Dans un message envoyé jeudi soir aux avocats de la défense et des parties civiles, dont l’AFP a eu connaissance, le président de la cour avait indiqué que «les résultats du dépistage Covid» autorisaient «la reprise de l’audience sans risque sanitaire». Mais une incertitude demeurait sur la présence effective de l’accusé à l’audience, nécessaire à la reprise des débats, le médecin qui l’a examiné ne pouvant assurer si son état de santé était compatible avec sa comparution, selon une source proche du dossier.

Processus accéléré

«Il va mieux qu’hier (jeudi) mais il continue de vomir» et fait de «l’hypoglycémie», ont indiqué les avocats de Pastor Alwatik, Mes Marie Dosé et Guillaume Arnaud, avant la reprise de l’audience. Si toutefois l’état de santé de l’accusé décline dans la journée, ses conseils ont fait savoir qu’ils demanderaient une nouvelle suspension. Nezar Mickaël Pastor Alwatik était apparu malade à l’ouverture des débats, jeudi matin. Selon Me Dosé, il présentait des symptômes jugés inquiétants «eu égard à la pandémie» de coronavirus.

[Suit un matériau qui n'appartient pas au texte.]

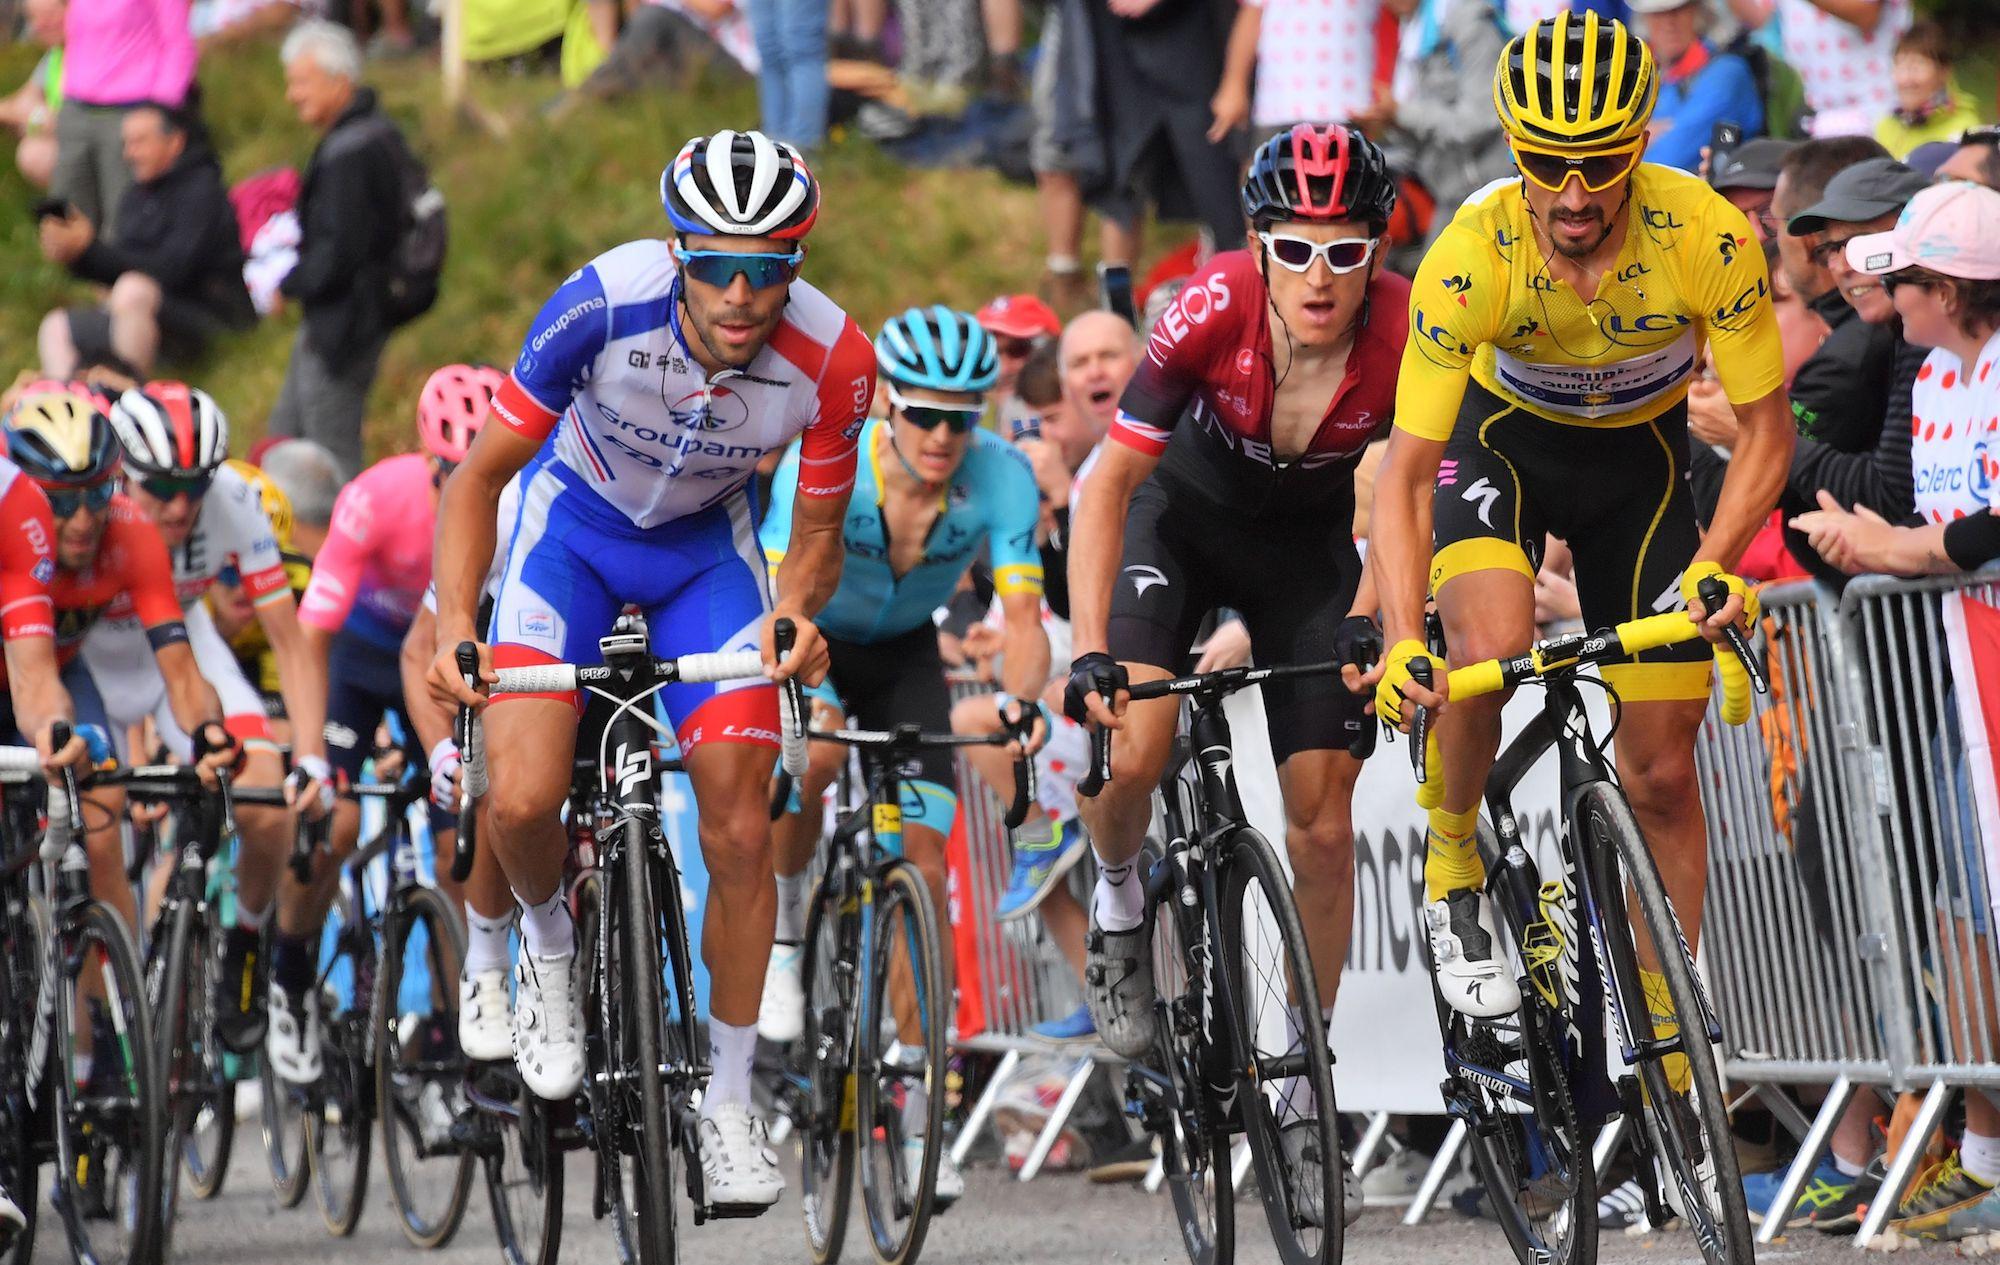 End of season ratings: How did each WorldTour team perform in 2019?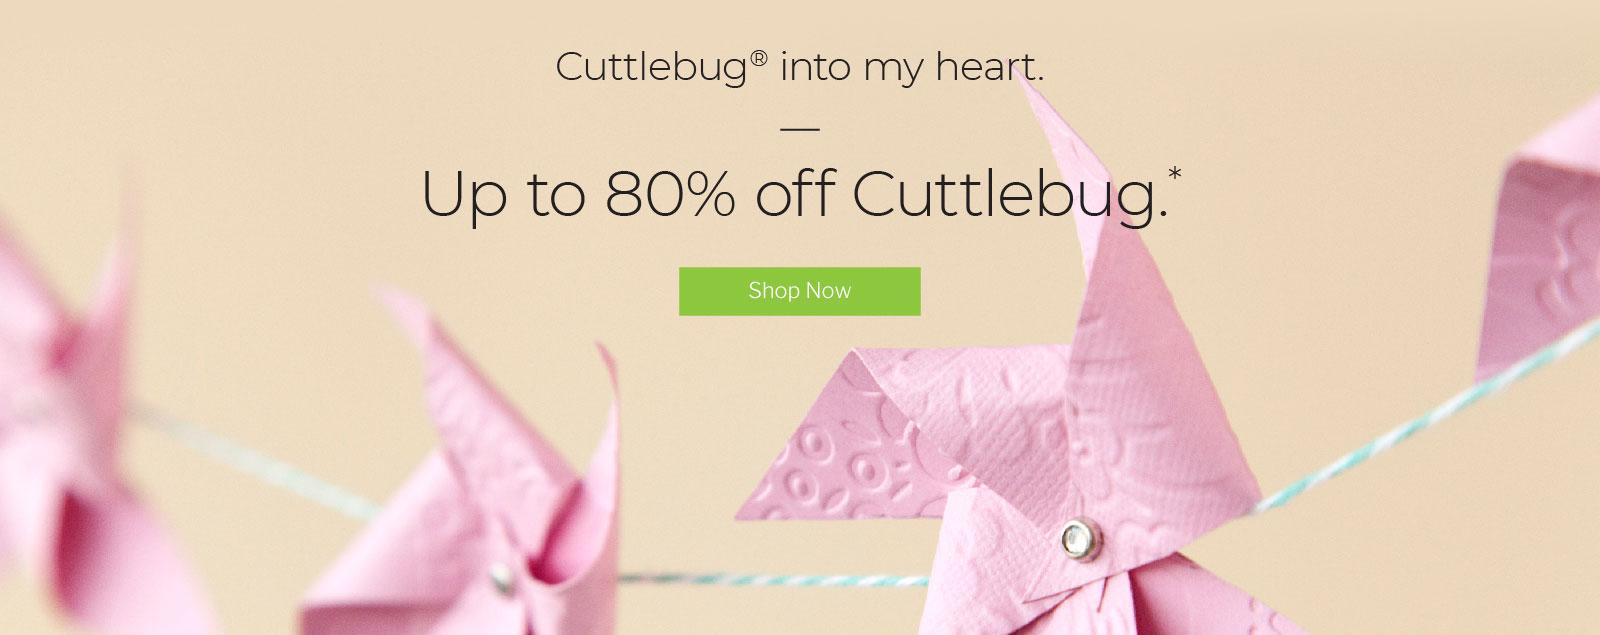 Cricut: Access Exclusive Cuttlebug Sale! - Lovin' the Prize of Life

Cette situation avait conduit le président Régis de Jorna à suspendre l’audience, d’abord pour deux heures, puis jusqu’à vendredi matin, le temps que l’accusé soit soumis à une batterie de tests, dont celui du Covid, selon un processus accéléré.

Auditions des ex-épouses

Les débats ont repris vendredi matin avec l’audition d’un enquêteur de la Direction générale de la sécurité intérieure (DGSI), interrompue jeudi, et avec le visionnage de la vidéo d’Al-Qaida dans la péninsule Arabique (Aqpa) qui revendiquait l’attentat contre Charlie Hebdo. Elle doit se poursuivre dans l’après-midi avec les auditions des ex-épouses des frères Chérif et Saïd Kouachi, auteurs avec Amédy Coulibaly des attentats des 7, 8 et 9 janvier 2015.

Les auditions de Peter Cherif, témoin-clé du procès, et de Farid Benyettou, ex-prédicateur autrefois proche des frères Kouachi, initialement prévues jeudi après-midi, ont été reportées à une date indéterminée.